▶ **Directions**
Starting at the line below holding "Acryl, Fineliner und Farbstift auf Papier" and stopping at the line holding "Raluca Arnăutu erschafft", print every line exactly, both ends included, and leave the rest out.

▶ **Source data**
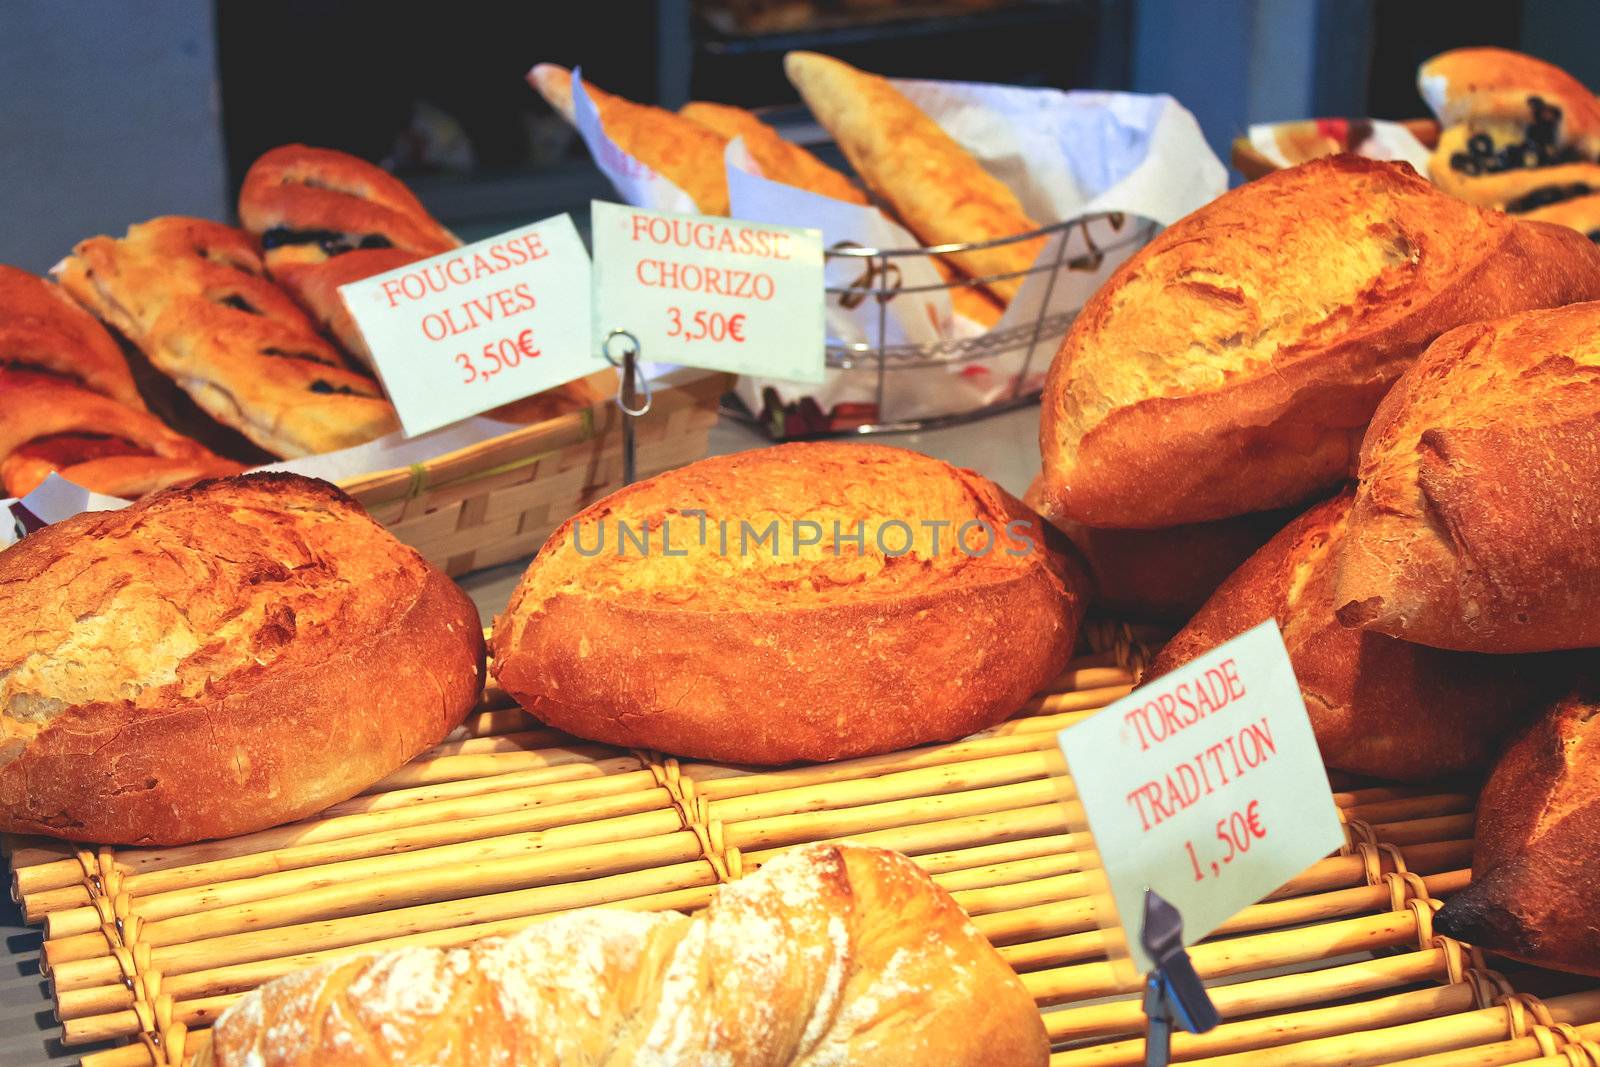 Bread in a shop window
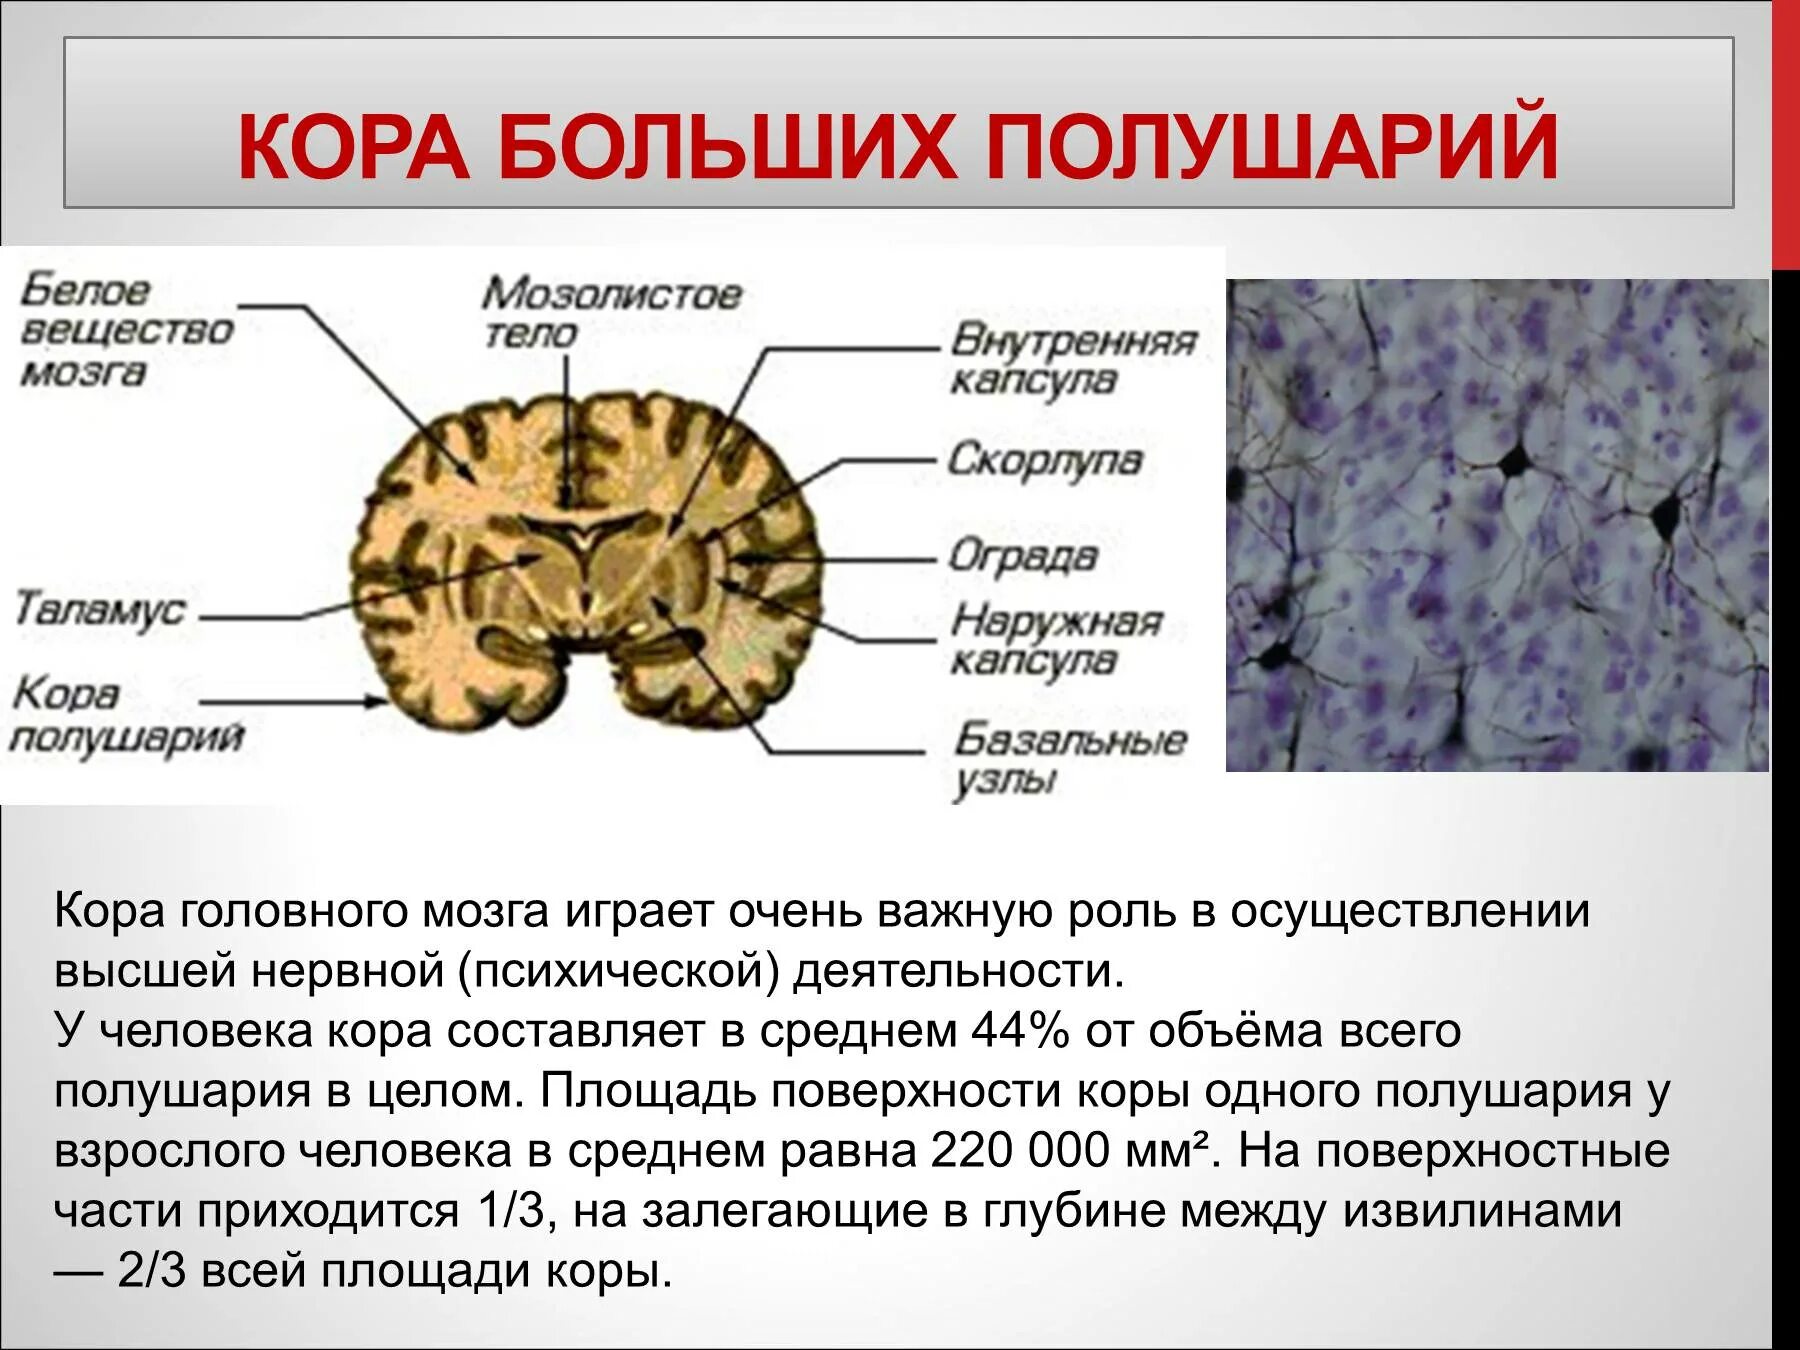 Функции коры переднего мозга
==
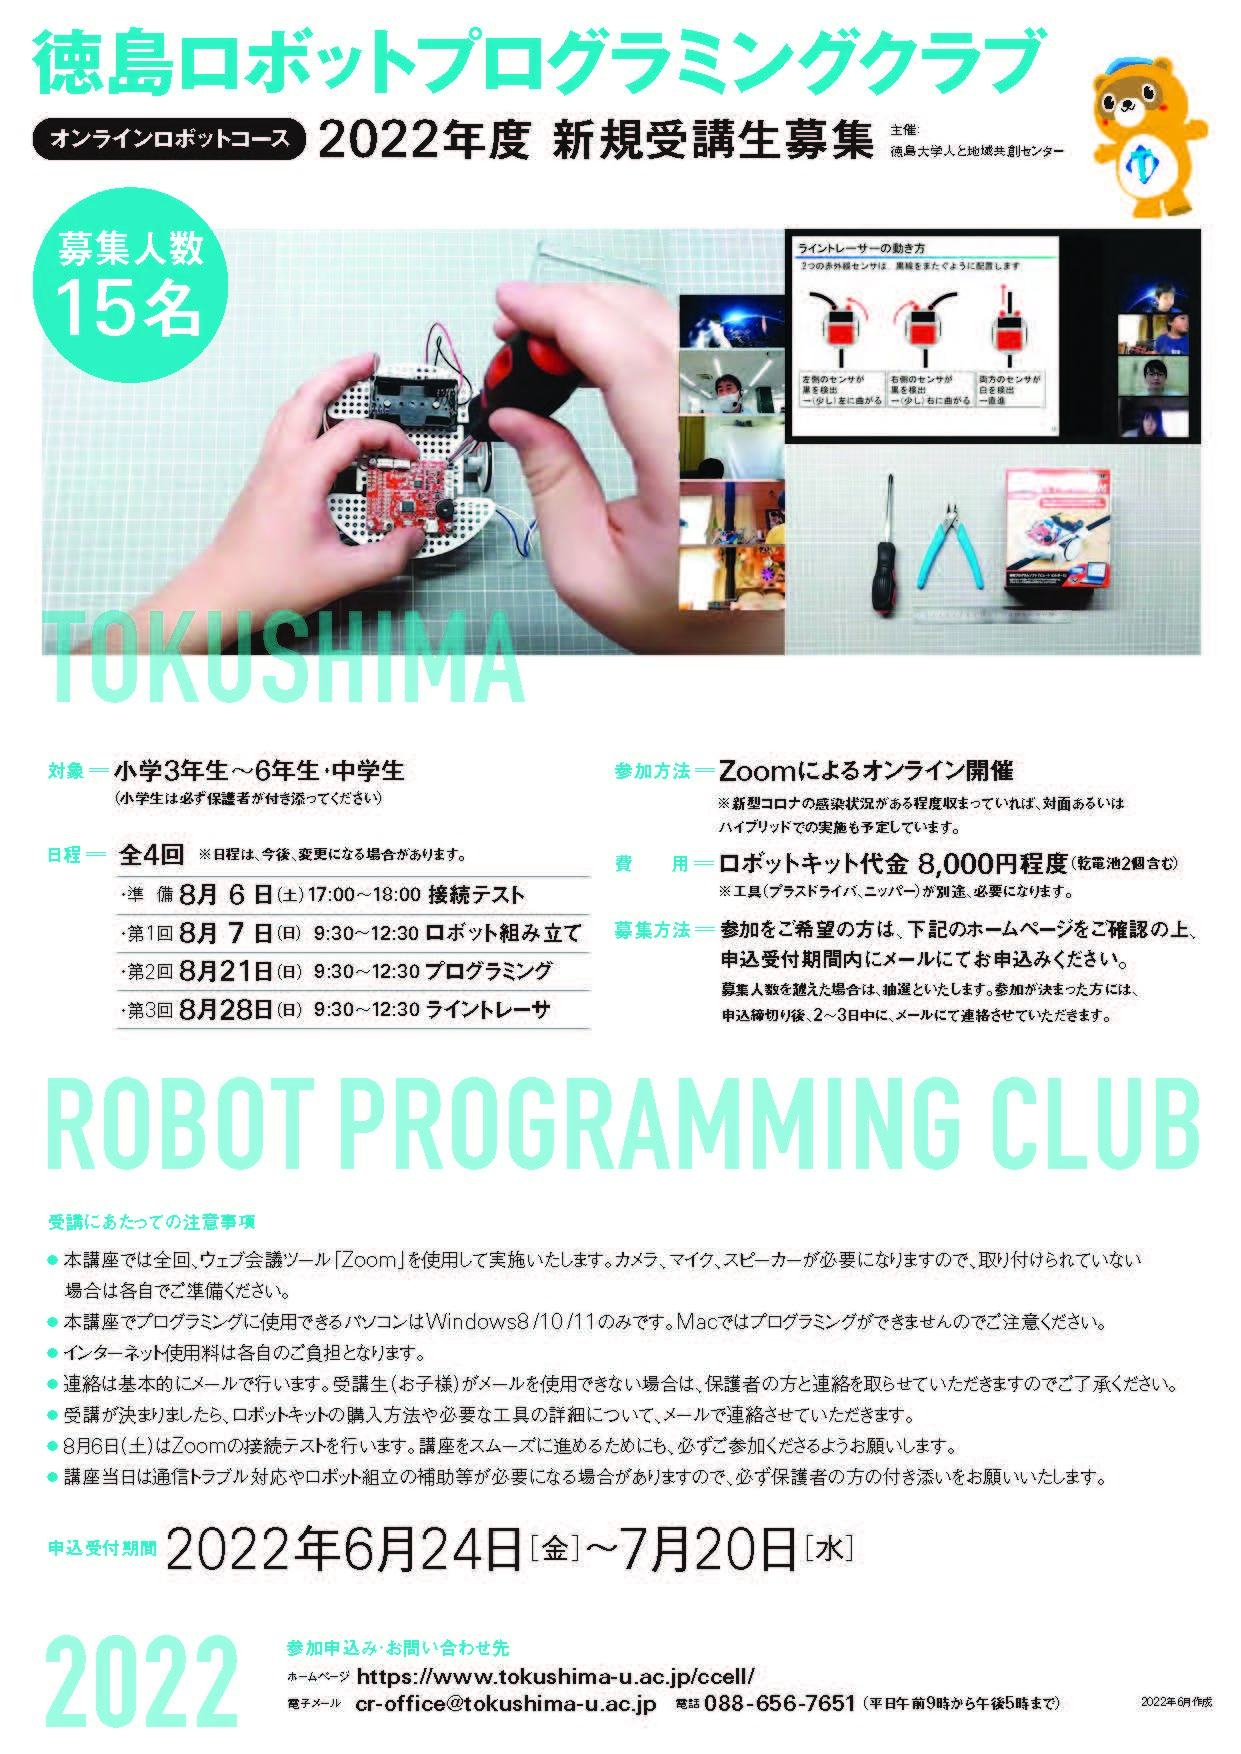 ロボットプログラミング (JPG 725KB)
---
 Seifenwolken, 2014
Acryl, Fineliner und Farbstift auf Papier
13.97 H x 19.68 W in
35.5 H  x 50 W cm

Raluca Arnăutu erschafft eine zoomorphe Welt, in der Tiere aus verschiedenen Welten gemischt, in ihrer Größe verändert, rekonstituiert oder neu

▶ **Answer for this exercise**
Acryl, Fineliner und Farbstift auf Papier
13.97 H x 19.68 W in
35.5 H  x 50 W cm

Raluca Arnăutu erschafft eine zoomorphe Welt, in der Tiere aus verschiedenen Welten gemischt, in ihrer Größe verändert, rekonstituiert oder neu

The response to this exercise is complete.